Again, they share a look. “Yeah, they definitely can,” Paul says with a soft smile.

“It just takes a lot of work and communication.”

“How do you make someone communicate? I mean, not like in the relationship, but outside of it?”

“I’m not sure I know what you mean,” Andre says.

“Like… letting other people know you’re in a relationship with someone. How do you make the other person comfortable with that?”

Andre smirks. “It’s not always something you can do, other than supporting them. And hopefully, the people you tell will also support them.”

He puts his hand on my arm, pulling me to the side and out of the way of the crowd so we can stop.

“Is there something you want to talk about?” he asks.

It’s on the tip of my tongue to spill everything. Holding it all in has not been great, and knowing I’m a block away from seeing Trey? I should tell them. Maybe it’ll help with the nerves that are creeping up on me.

“It’s a long story,” I say.

“We have some time, Hudson. If there’s something you need to talk about, you can tell us. We have—” He looks at his watch. “A whole forty-five minutes before the ceremony starts and our walk is less than ten minutes.”

“Okay, uh…” I look around, stepping out of the way of a rushing man who almost bumps right into me.

“Here,” Paul says, tugging on my arm again. We step into the nearest hotel lobby, and I follow him and Andre to the lounge area. It’s quiet, with only a few people at the bar.

“Do you want a drink?” Andre asks me and Paul.

“That would be great,” I say. “Anything with vodka.”

He goes to the bar and brings me back a cranberry and vodka, and hands Paul something entirely different. Something he didn’t ask for, yet smiles gratefully for.

Andre sits with his drink, something like an Old Fashioned, I’d guess by the color.

“What’s going on, Hudson?” he asks.

I sigh, taking a few gulps of my drink. “This is probably going to sound crazy, and maybe he’s going to get mad at me for saying something, but I’m tired of holding it in.”

“So tell us,” Paul says. “We won’t say anything.”

Out of all of our friends, Paul and Andre feel the most put together. They were married with kids. They have steady jobs and normal lives.

“You have to swear you won’t say anything,” I say, looking at both of them.

“We won’t,” they say in unison.

I nod and take the last sip of my drink.

“Trey and I just broke up.”

“Trey and you…” Paul says carefully. “Oh. Wow.
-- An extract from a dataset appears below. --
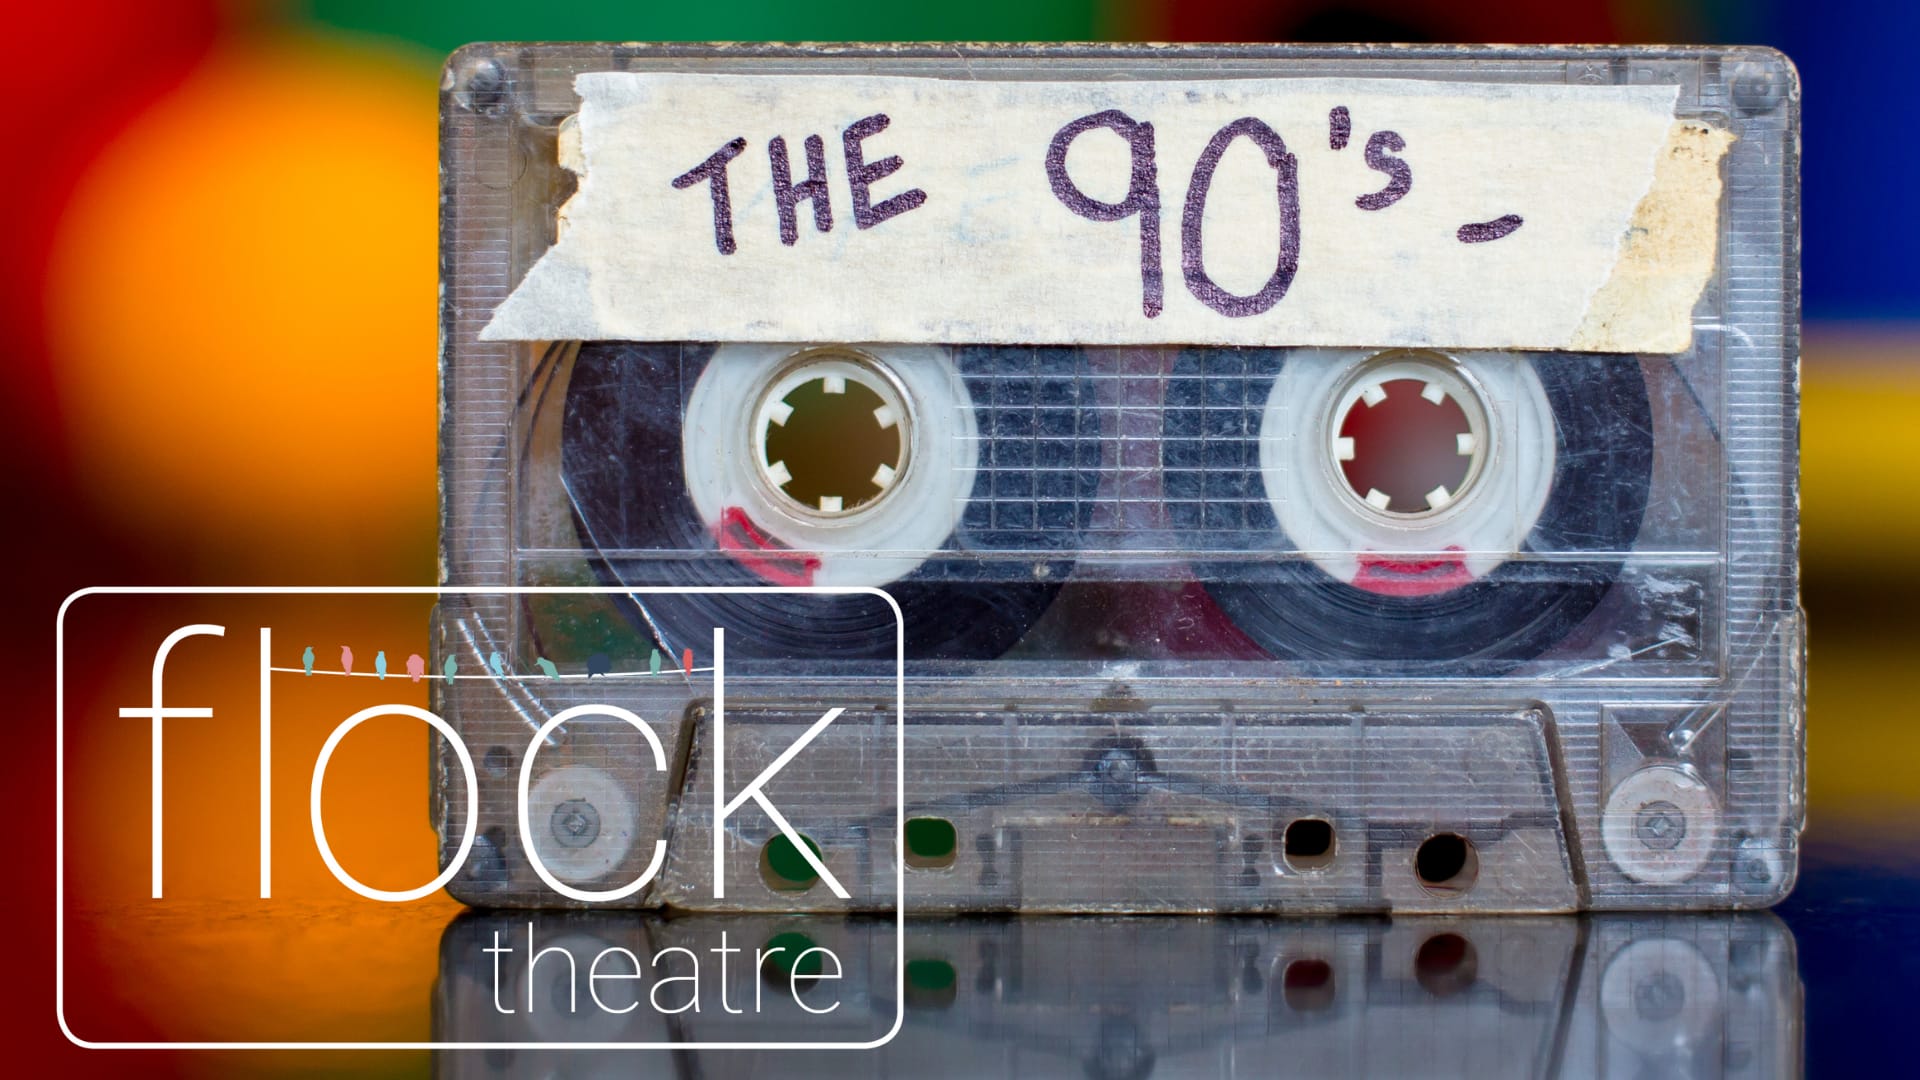 A cassette tape with a white sticker where it's written The 90s on a colorful background and the Flock logo.

I’m sorry, Hudson.”

“I’d like to say I’m surprised, but it feels like a given at this point,” Andre adds with a laugh. “What happened?”

“We planned on telling everyone here. He’s been worried about telling people about being with a guy, and—”

“Wait, I thought he had a fiancée?” Paul asks, looking at Andre.

“Yeah, we saw the photos?”

“That’s the night we broke up,” I say, staring at my empty glass.

“I thought we were past the point of him pretending, but I guess not. He continued to let people think he had a fiancée, and I’m just tired of being hidden.

I have my flaws, don’t get me wrong, but I’m tired of feeling like he’s ashamed of me or something.

He’s one person at home and another out in public.

Well, in public with people he knows. It was never an issue around strangers. ”

They both nod as if they understand entirely. “I can imagine it being hard to come out about something like that,” Andre says.

“But it is true he shouldn’t let people think he was still engaged to that Mandy girl if you both had talked about it already.”

“That’s my point,” I say.

“Did you two talk about it?” Andre asks.

“Not really. I’ve been so upset, and now I have to see him and everything is messy.”

Paul looks at his watch. “We should get going, but maybe you two can find some time to talk about it after. Before you drink too much.” He winks and finishes his drink, then takes Andre’s empty glass.

We make our way out of the hotel and to the venue.

My stomach is in my throat by the time we walk through the doors.

And the first person I set eyes on is Trey… with Mandy on his arm.